Confrontant le droit des hommes à l'égalité au constat des inégalités, il en arrive à plaider pour l'acceptation de ces inégalités vues comme „inévitables“.

S'il ne prend par la voie de l'abolitionnisme et de la liberté, il s'inscrit plutôt dans pensée d'une amélioration progressive voire de l'affranchissement même graduel.

Cependant à la fin de sa vie, il s'engagera de manière plus directe et ferme dans la dénonciation des derniers « esclaves » en France, à savoir les serfs du Jura qui, en vertu du privilège de la mainmorte, étaient soumis aux moines du chapitre de Saint-Claude dans le Jura.

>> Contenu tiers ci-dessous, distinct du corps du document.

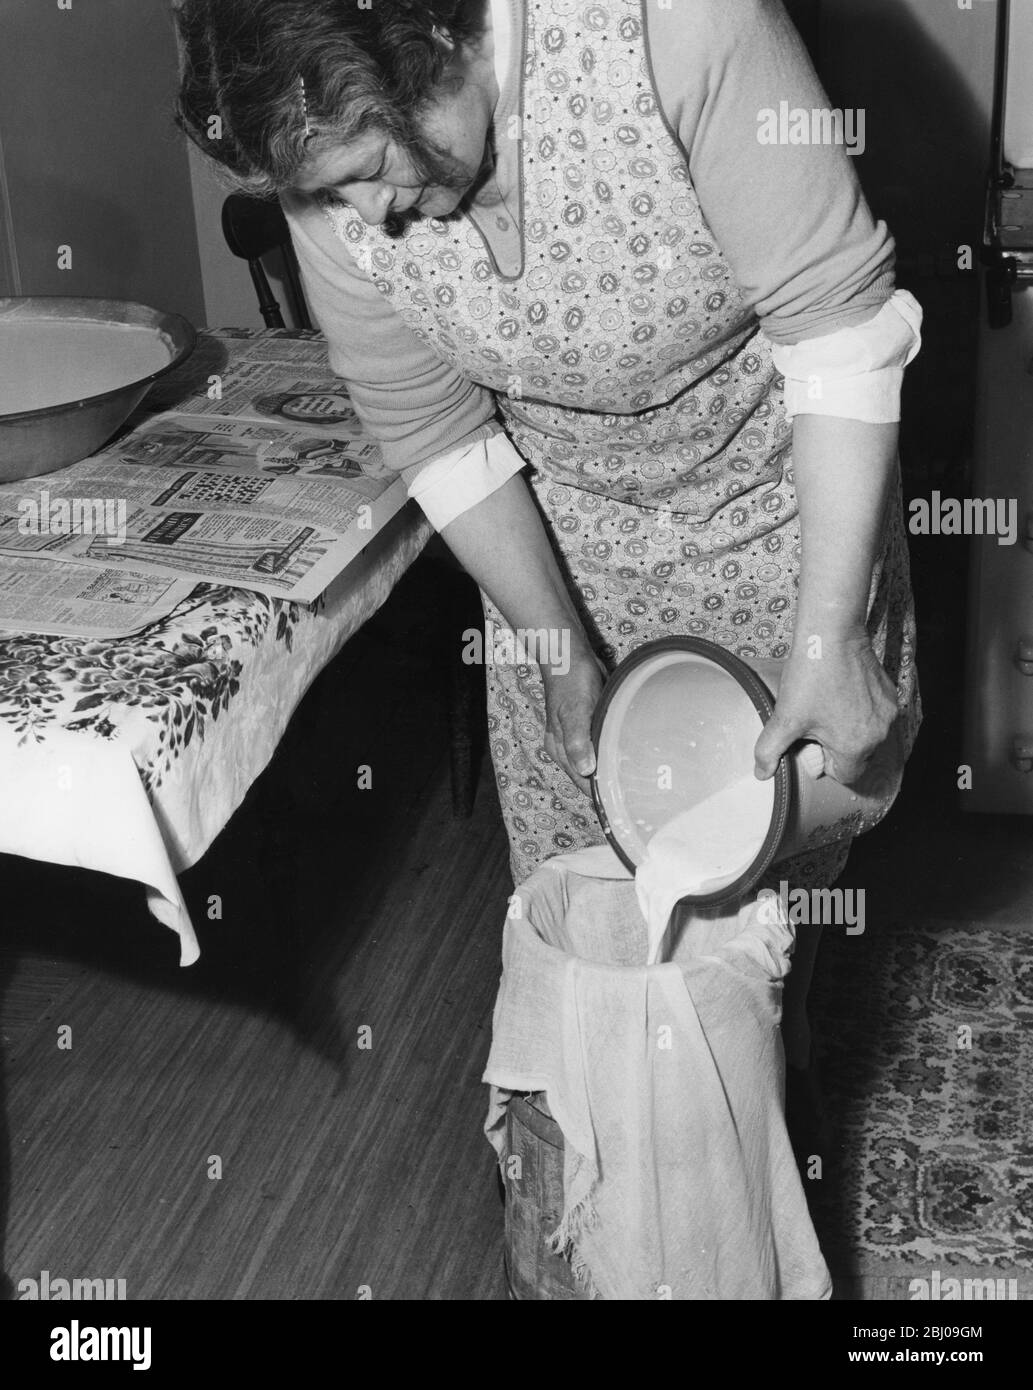 Mlle Peggy Macleod faisant du beurre verser le lait par le mousseline dans une urne à Daliburgh South Uist Outer Hebridges Scotland - septembre 1961 Banque D'Images

La mainmorte était l’incapacité dont étaient frappés les serfs en France au Moyen-Age. Son objectif était d’éviter que les biens passent à des personnes extérieures à la seigneurie. Ainsi durant sa vie, le serf jouissait librement de ses biens personnels ; il pouvait disposer de sa terre avec la permission de son seigneur mais il était privé de la faculté de faire son testament et, à sa mort, ses biens revenaient au seigneur.


En Franche-Comté, il semble que le tiers de la population soit serve. Dans les campagnes de la province, les lieux serviles sont omniprésents, sauf autour de Besançon, pôle de franchise, et dans les zones de vignoble. Globalement il se dégage deux grandes aires : le baillage d'Amont au nord soit l'actuelle Haute-Saône et l'extrême sud avec le Haut-Jura. La majorité des seigneuries serviles y relèvent de l'Église, avec en particulier les deux abbayes de Luxeuil et de Saint- Claude. Au XVIIIe siècle, ces deux régions forment de loin le pôle servile le plus important de France : 75% des serfs et 50% des mainmortables du royaume s’y trouvent.

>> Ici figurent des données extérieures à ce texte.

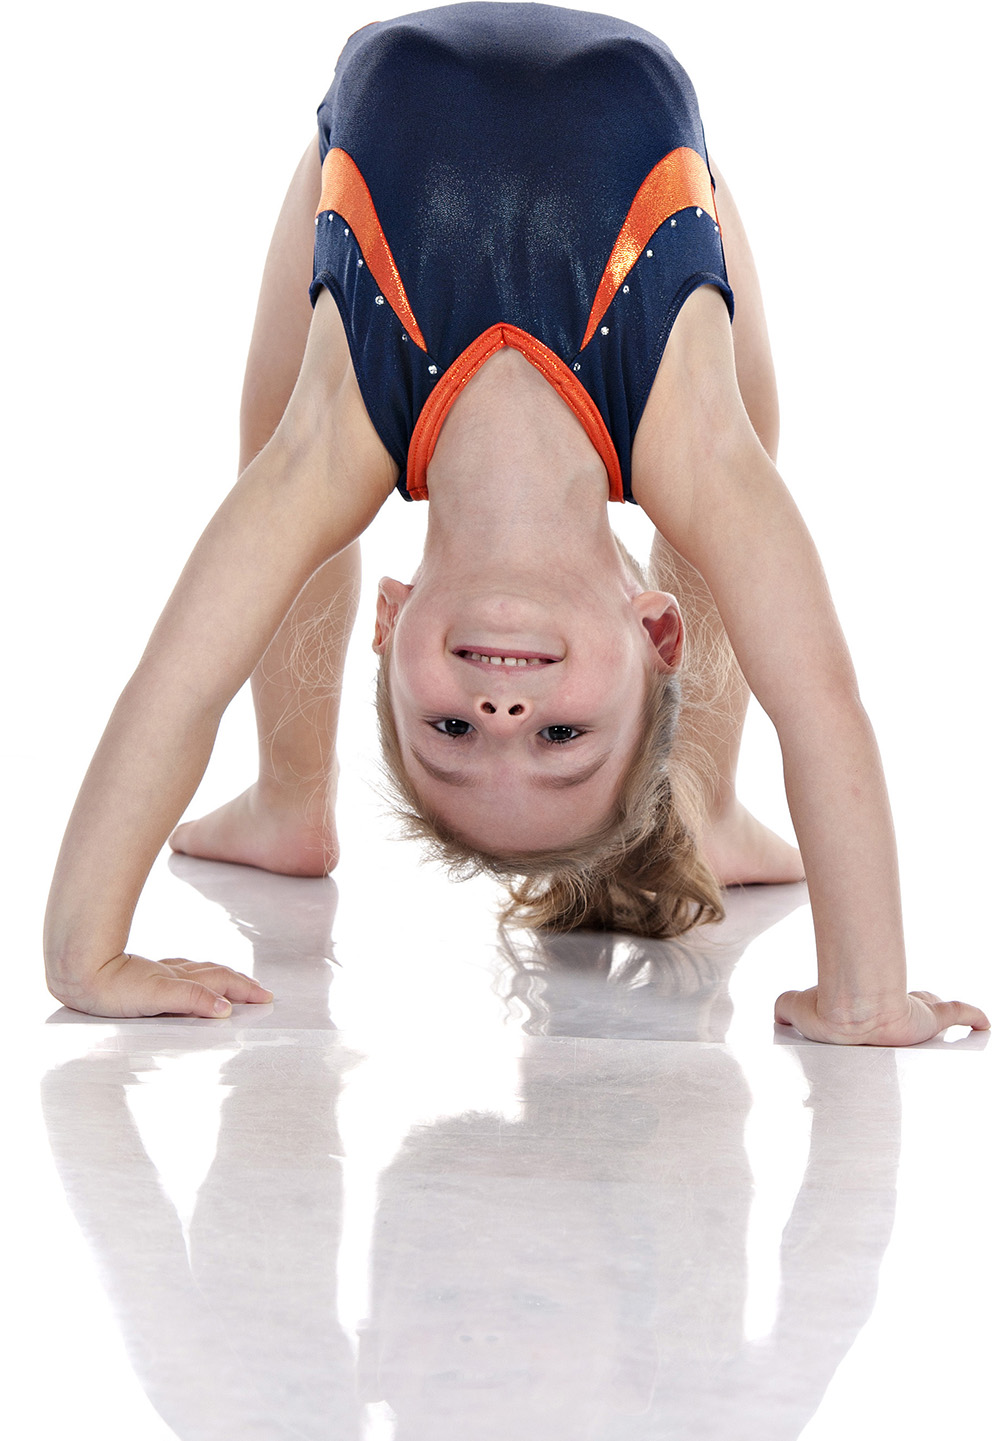 Pre-Competitive – Indigo Gymnastics

Cette situation est alors dénoncée violemment par Voltaire dans sa Requête au Roi pour les serfs de Saint-Claude paru en 1775.

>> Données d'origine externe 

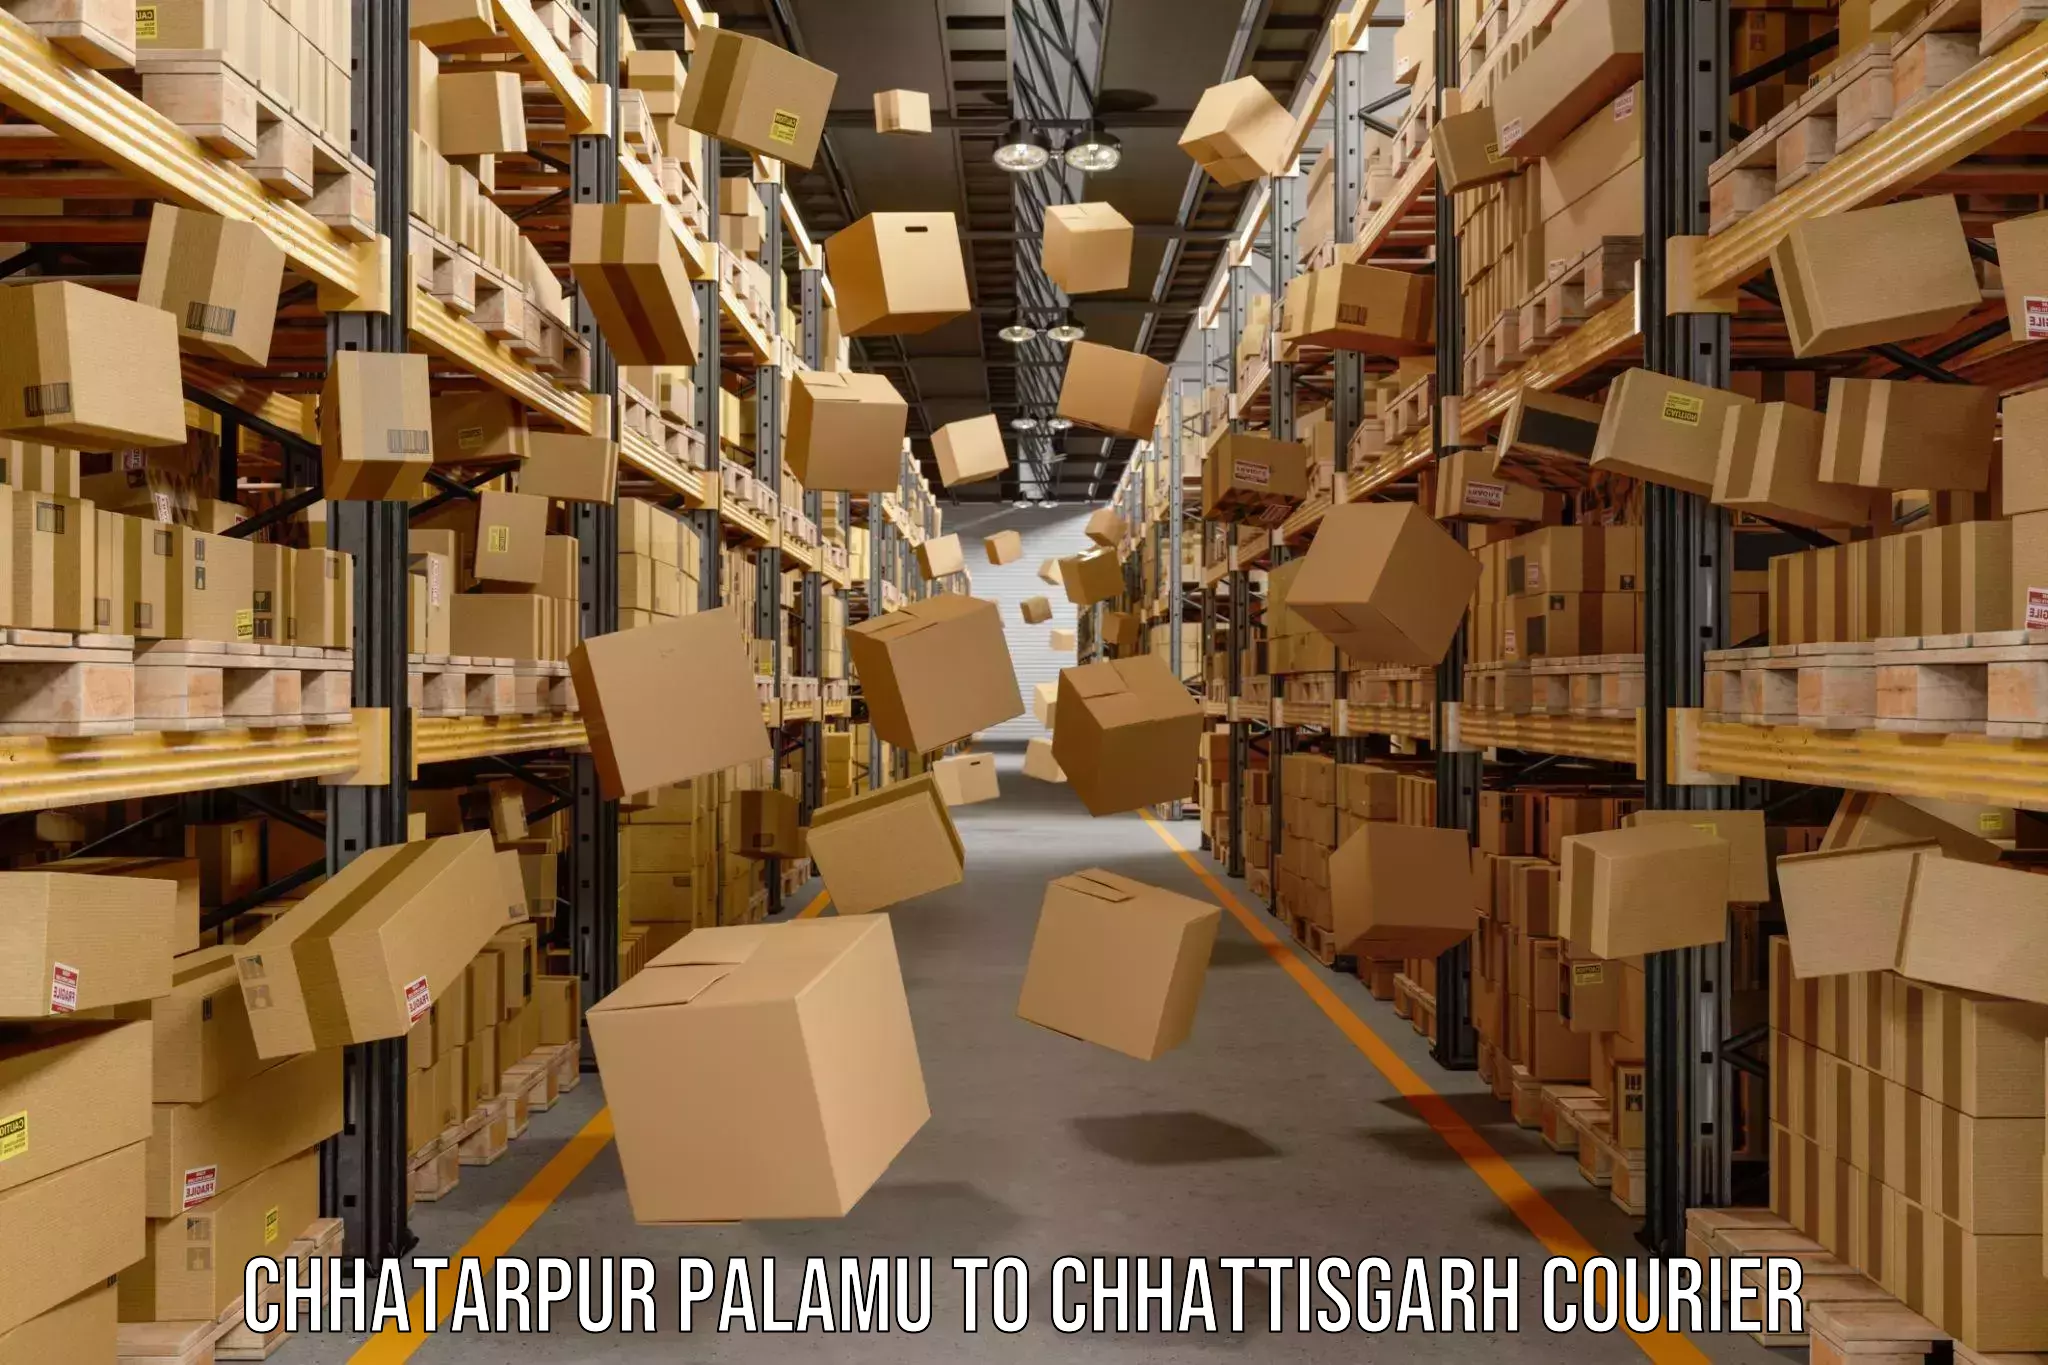 Multi-service courier options Chhatarpur Palamu to Jaijaipur

„20.000 pères de famille, cultivateurs de la terre de vos 2 bourgognes, ou servant votre Majesté dans vos armées, se jettent à vos pieds. Ceux d'entre nous qui sont esclaves de quelques abbayes et de quelques chapitres, par un abus uniquement fondé sur de faux titres, vous demandent par leurs cris et leurs larmes, de n'appartenir qu'à votre Majesté …. Votre Majesté ne souffrira pas cette tâche dont votre royaume se trouve souillé sous un monarque qui dès sa jeunesse est le père de la patrie“

Par l'Édit du 8 août 1779, le roi Louis XVI abolit le servage et affranchit tous „les main-mortables (les serfs) des domaines du Roi“ , ainsi que les « hommes de corps », les « mortaillables » et les « taillables » sur les domaines royaux de France.

Mais cette réalité du servage restera en vigueur dans les domaines des écclesiatistiques jusqu'à la Révolution et la nuit du 4 août marquera la fin des privilèges, libérant définitivement les derniers serfs du Royaume de France.